» Work required
Here is a listing. Write it all out again exactly, but not its pictures.

##### Dataset extract

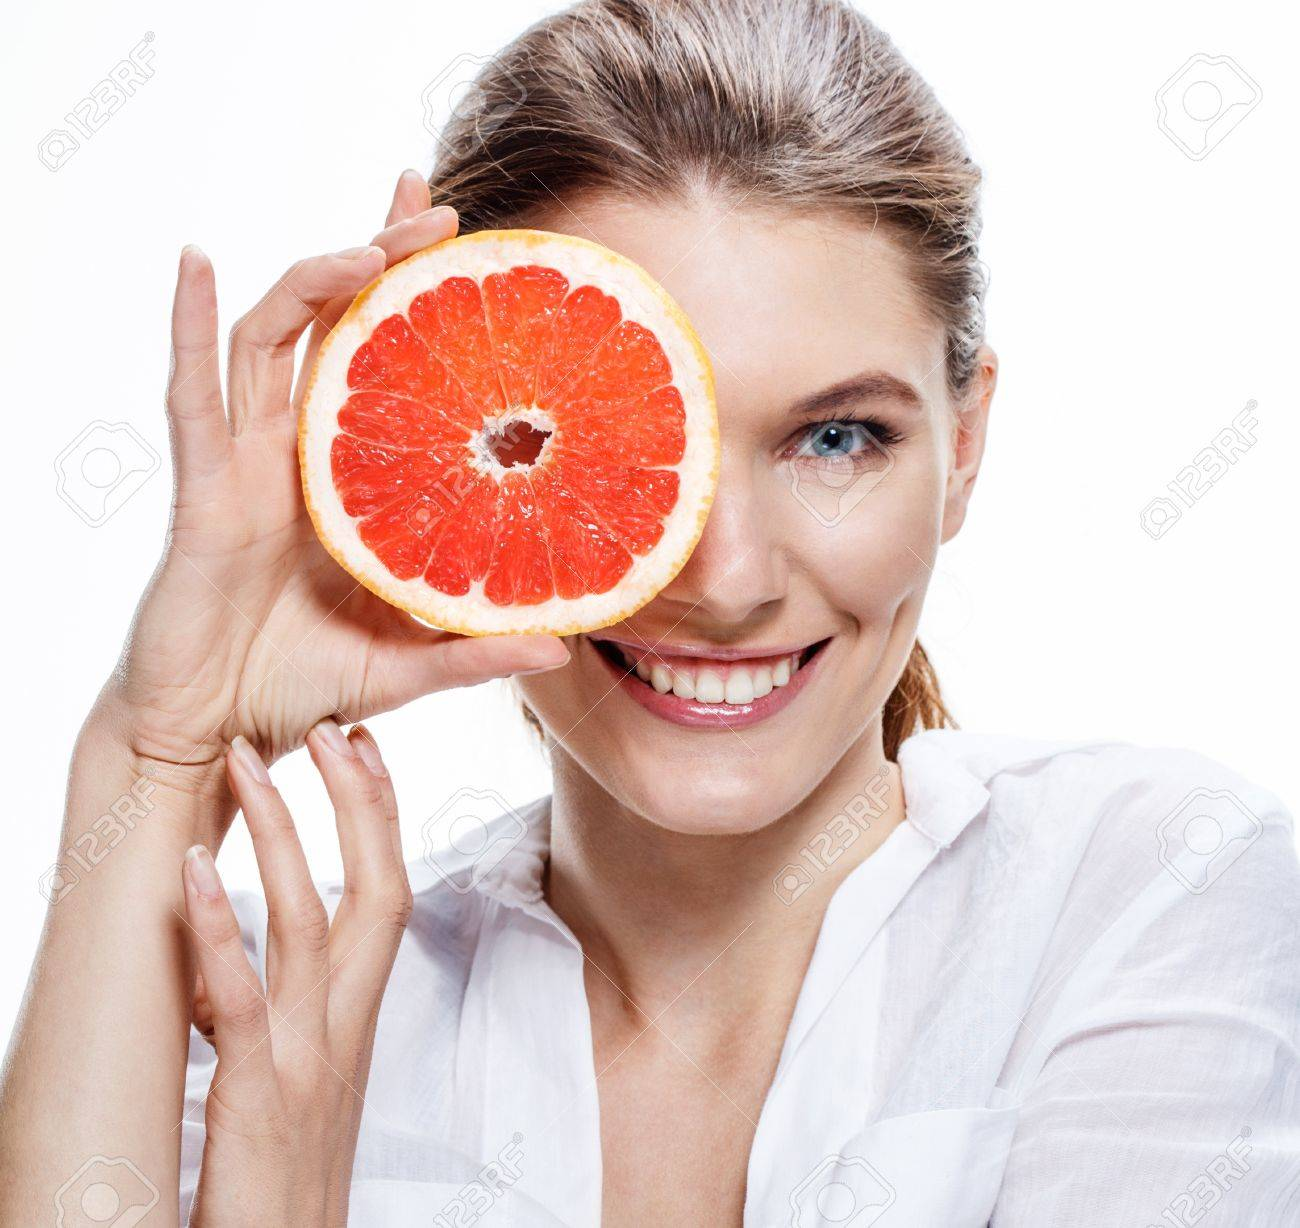 smiling brunette european woman with mottled orange slice - isolated on white background Stock Photo - 21217254
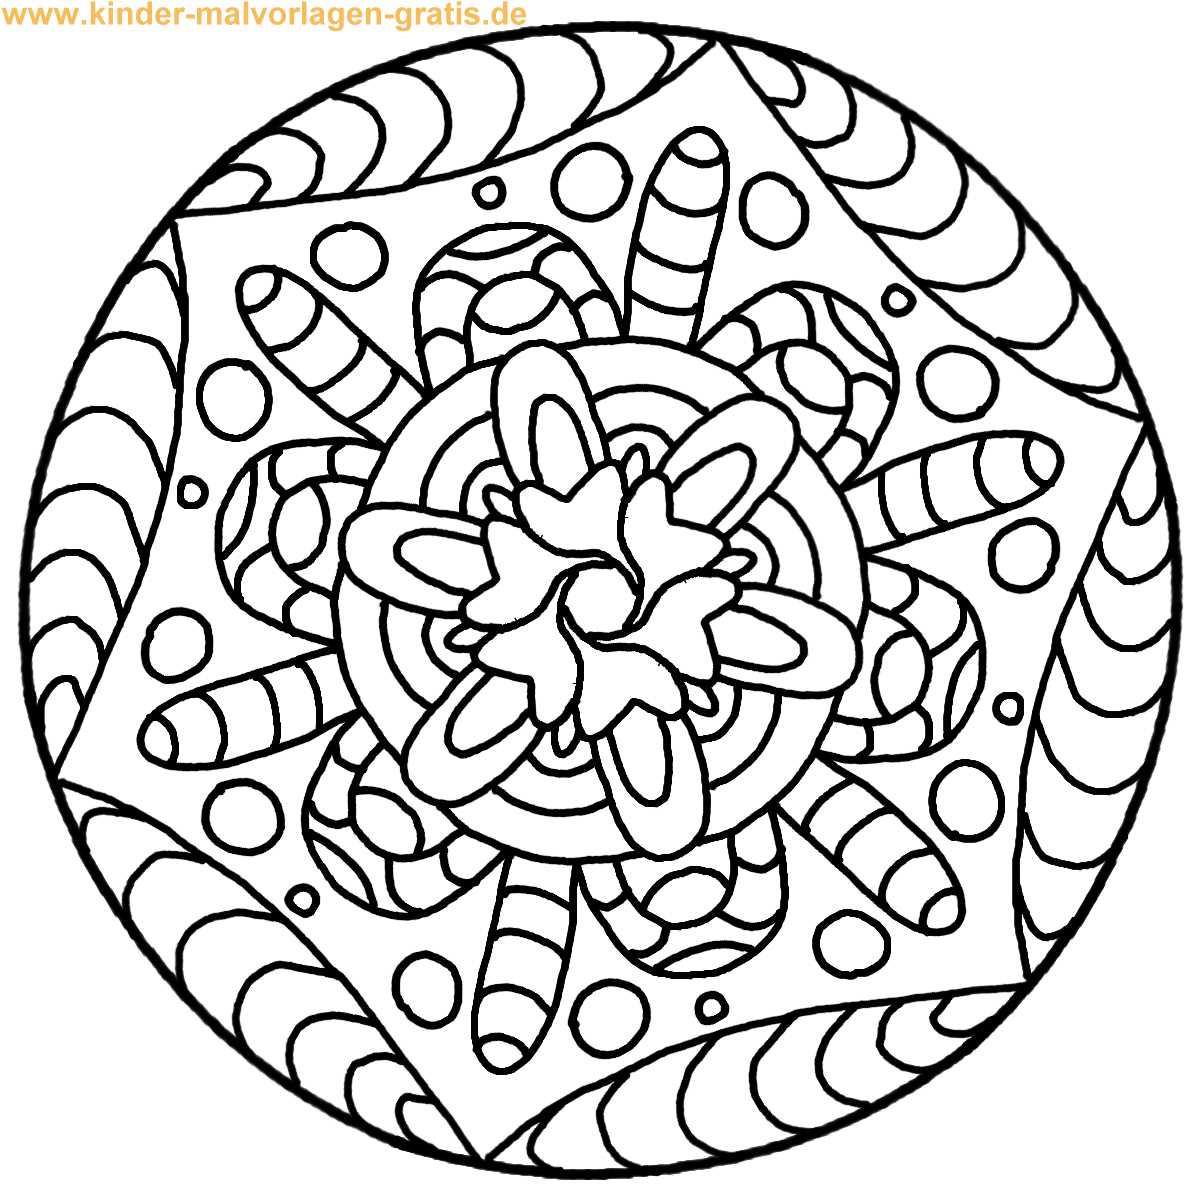 Malvorlagen Mandala  Ausmalbilder mandala kostenlos Malvorlagen zum
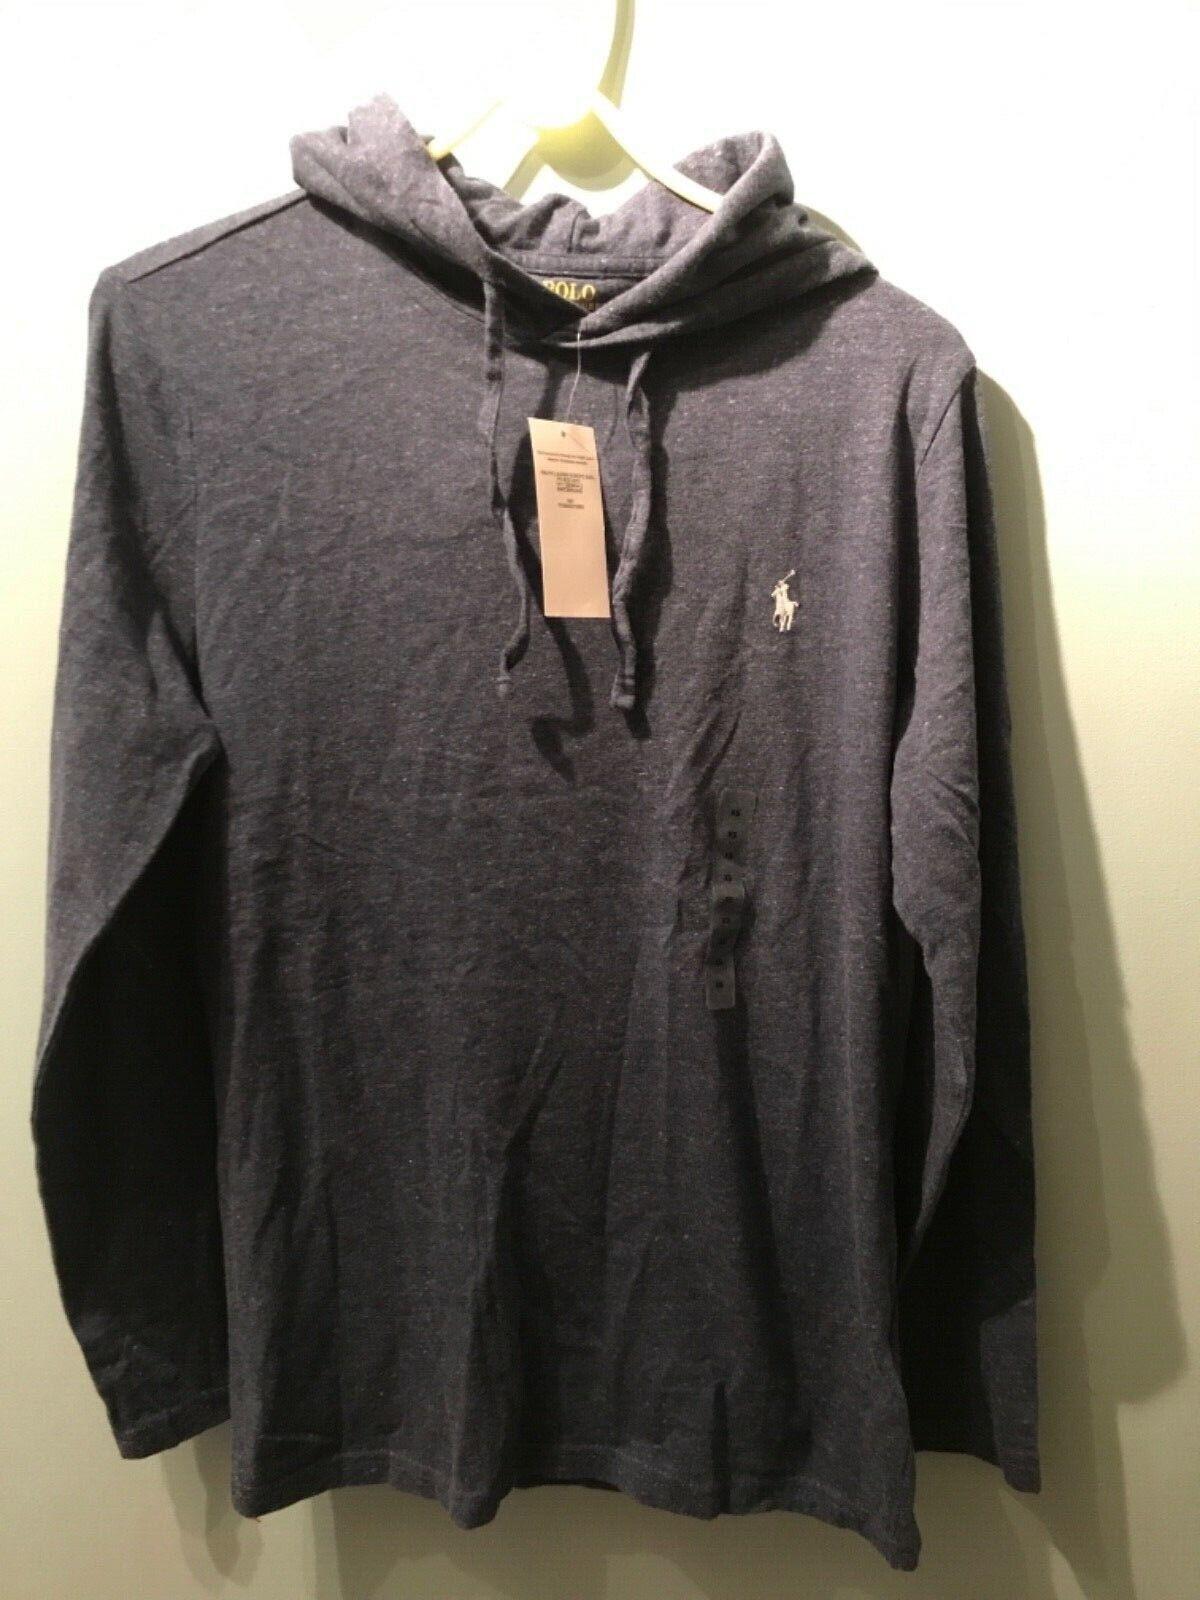 BNWT Ralph Lauren Men's Hooded Top Jumper Sweater Top RRP  Sz XS Extra Small

##########

» Problem solution
 smiling brunette european woman with mottled orange slice - isolated on white background Stock Photo - 21217254
 Malvorlagen Mandala  Ausmalbilder mandala kostenlos Malvorlagen zum
 BNWT Ralph Lauren Men's Hooded Top Jumper Sweater Top RRP  Sz XS Extra Small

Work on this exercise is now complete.